> AIM OF THE TASK
Pictures aside, please retype the whole listing word for word.

──────── PROVIDED MATERIAL ────────

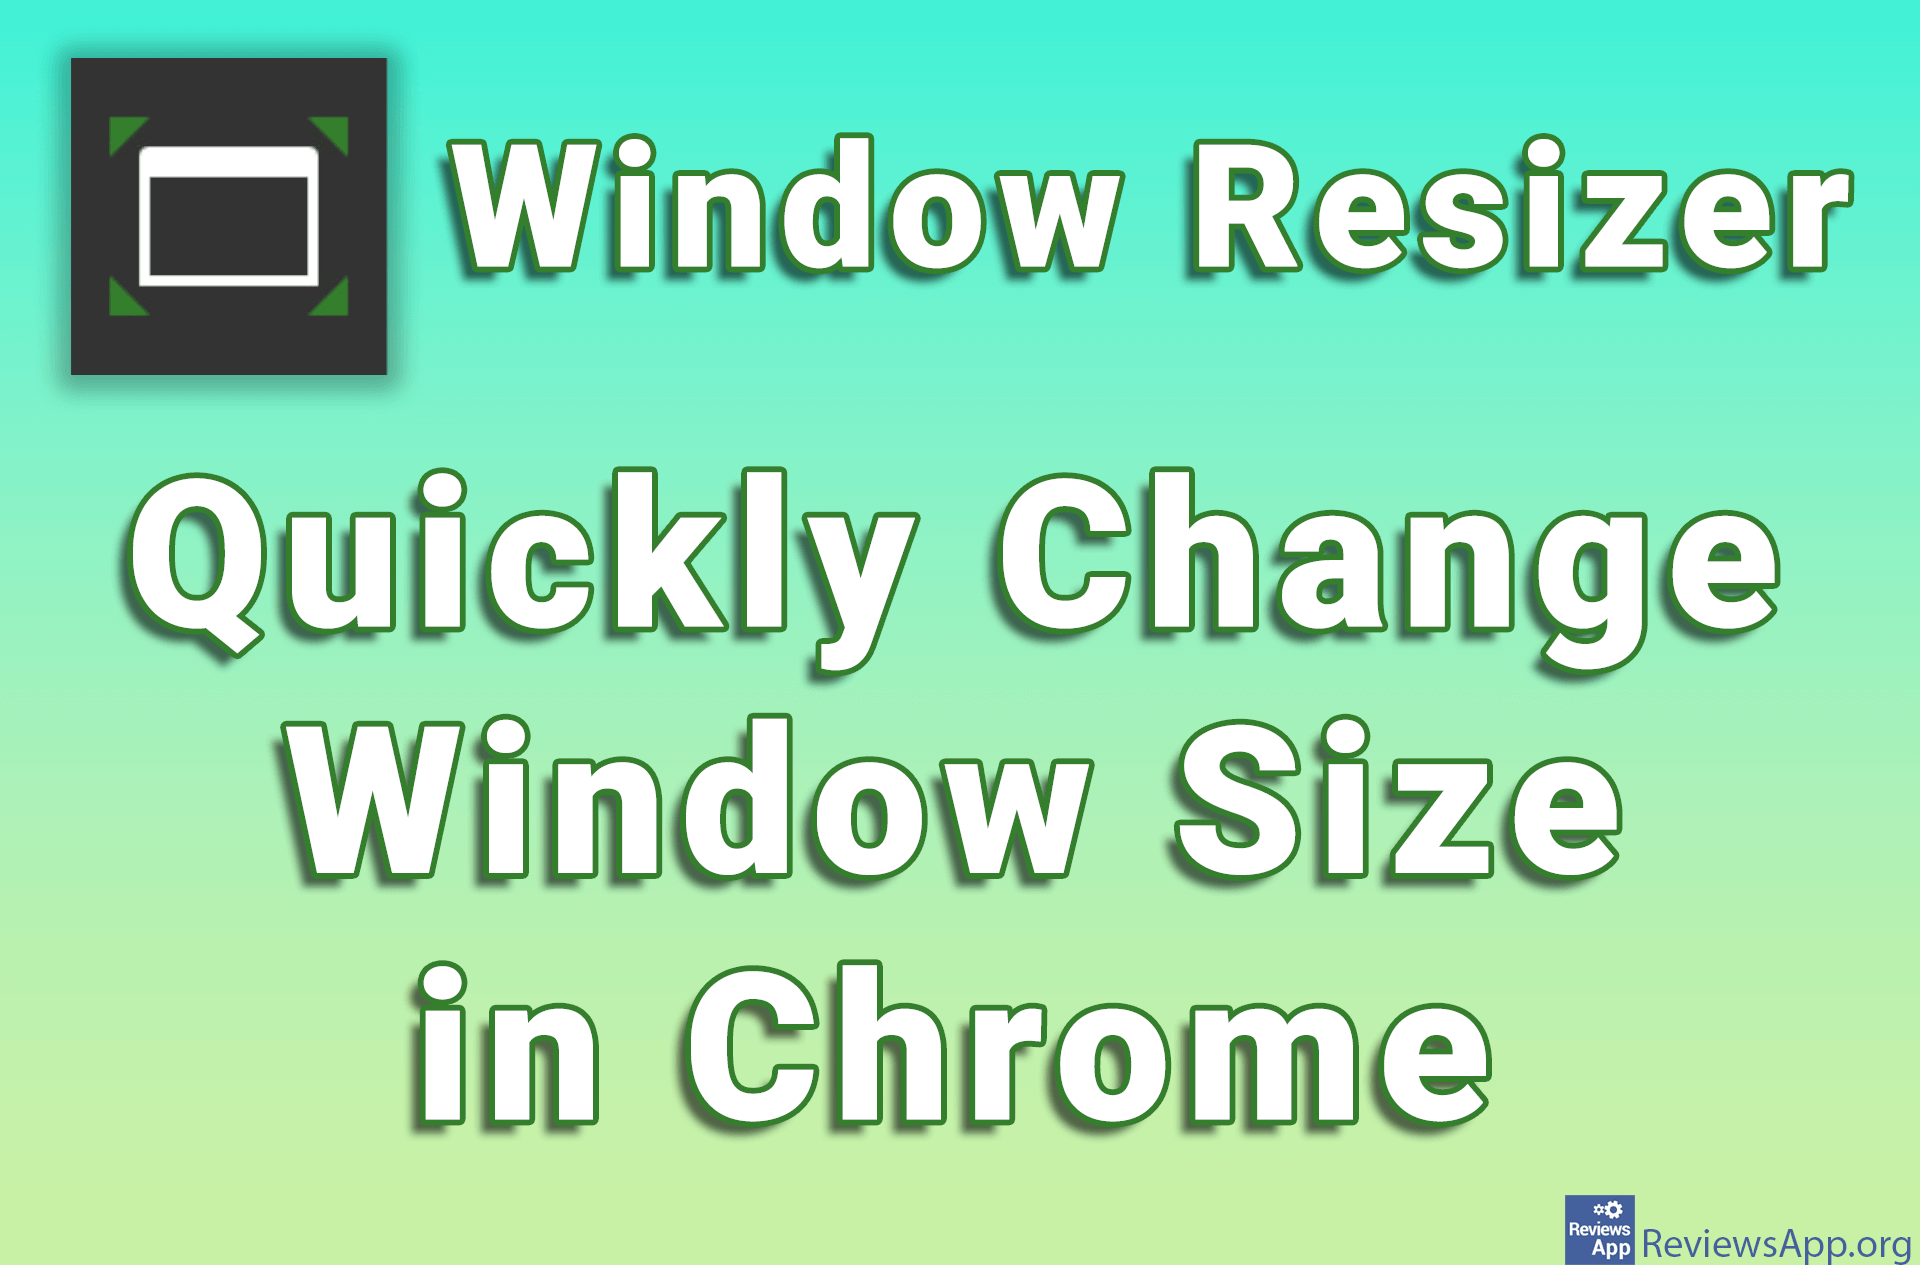 Window Resizer – Quickly Change Window Size in Chrome
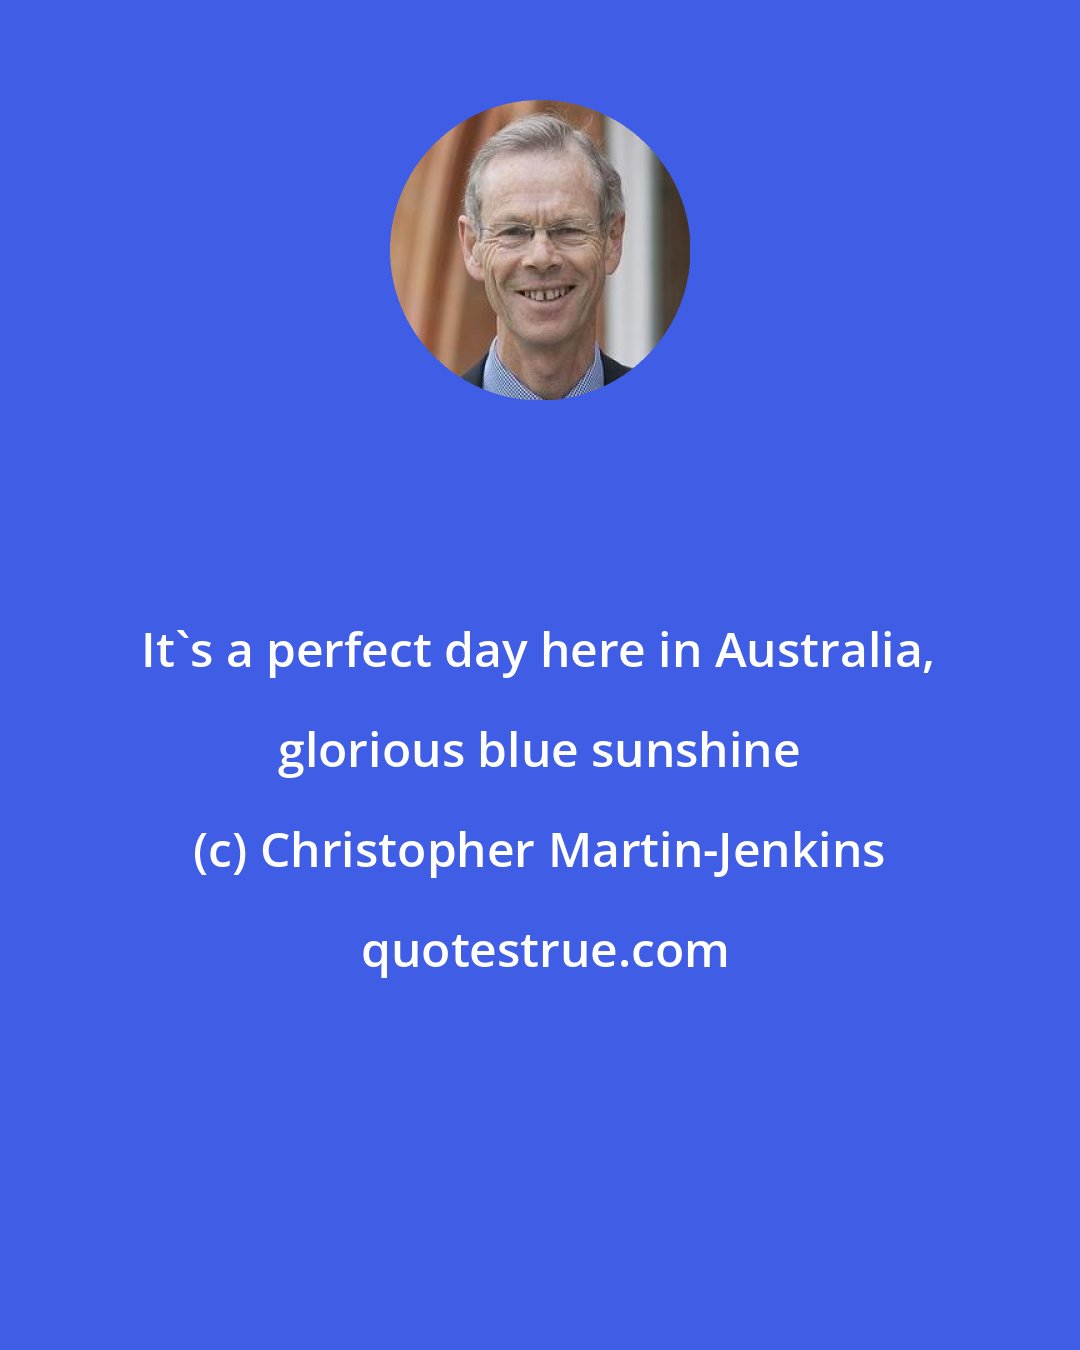 Christopher Martin-Jenkins: It's a perfect day here in Australia, glorious blue sunshine
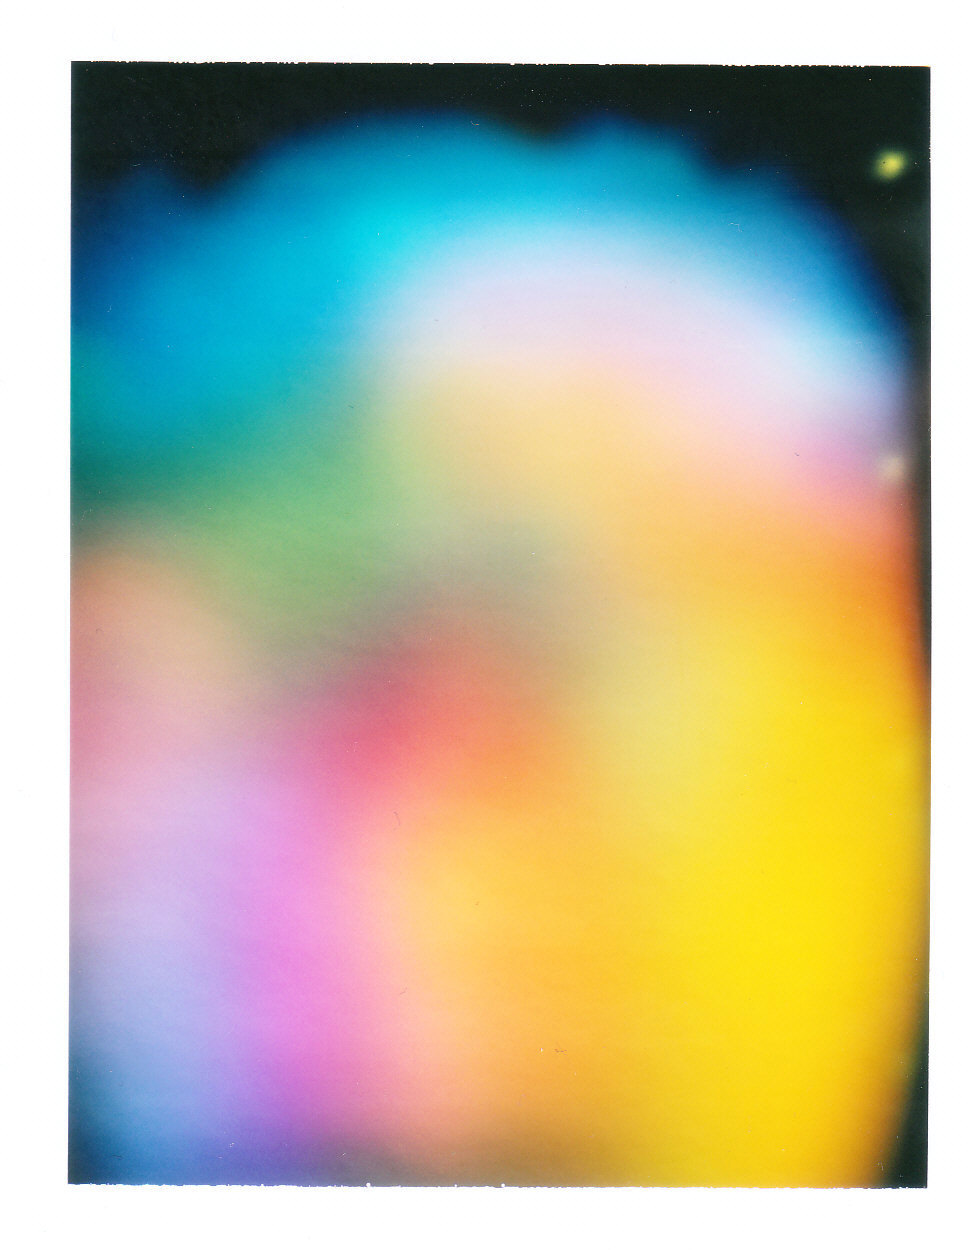 Got a new aura photo taken today (and my scanner working!)
Reader says he very rarely sees so many colors in one photo. Apparently this is what happens when you integrate planetary energy into your aura via ceremonial magick.
I plan on getting...
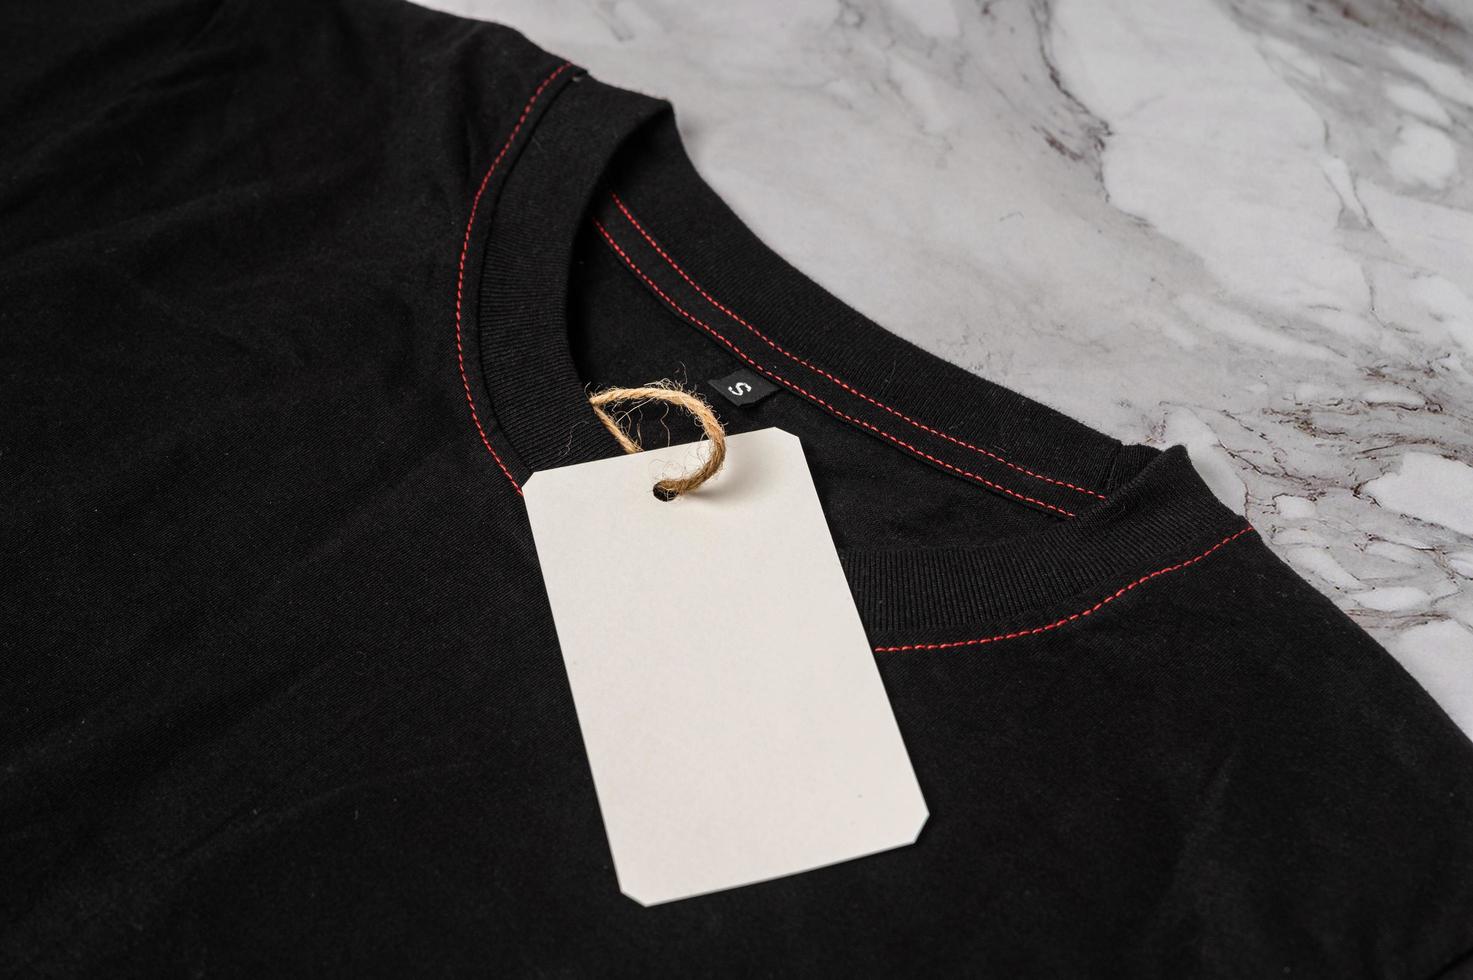 Black t-shirt with clear tag photo
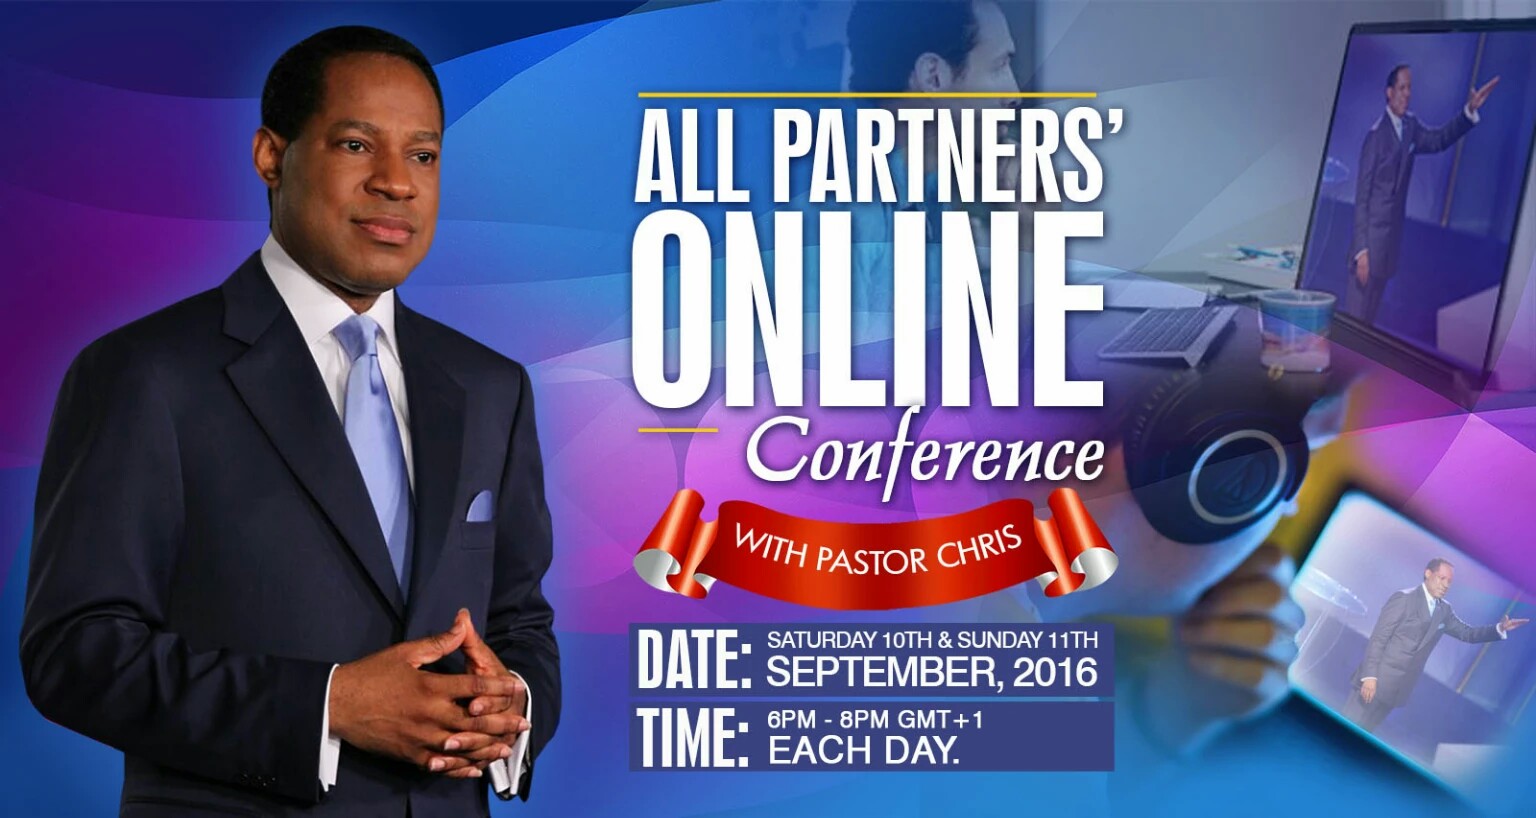 Partners Online Conference with Pastor Chris

────────

> EXERCISE SOLUTION
 Window Resizer – Quickly Change Window Size in Chrome
 Christopher Martin-Jenkins: It's a perfect day here in Australia, glorious blue sunshine
 Got a new aura photo taken today (and my scanner working!)
Reader says he very rarely sees so many colors in one photo. Apparently this is what happens when you integrate planetary energy into your aura via ceremonial magick.
I plan on getting...
 Black t-shirt with clear tag photo
 Partners Online Conference with Pastor Chris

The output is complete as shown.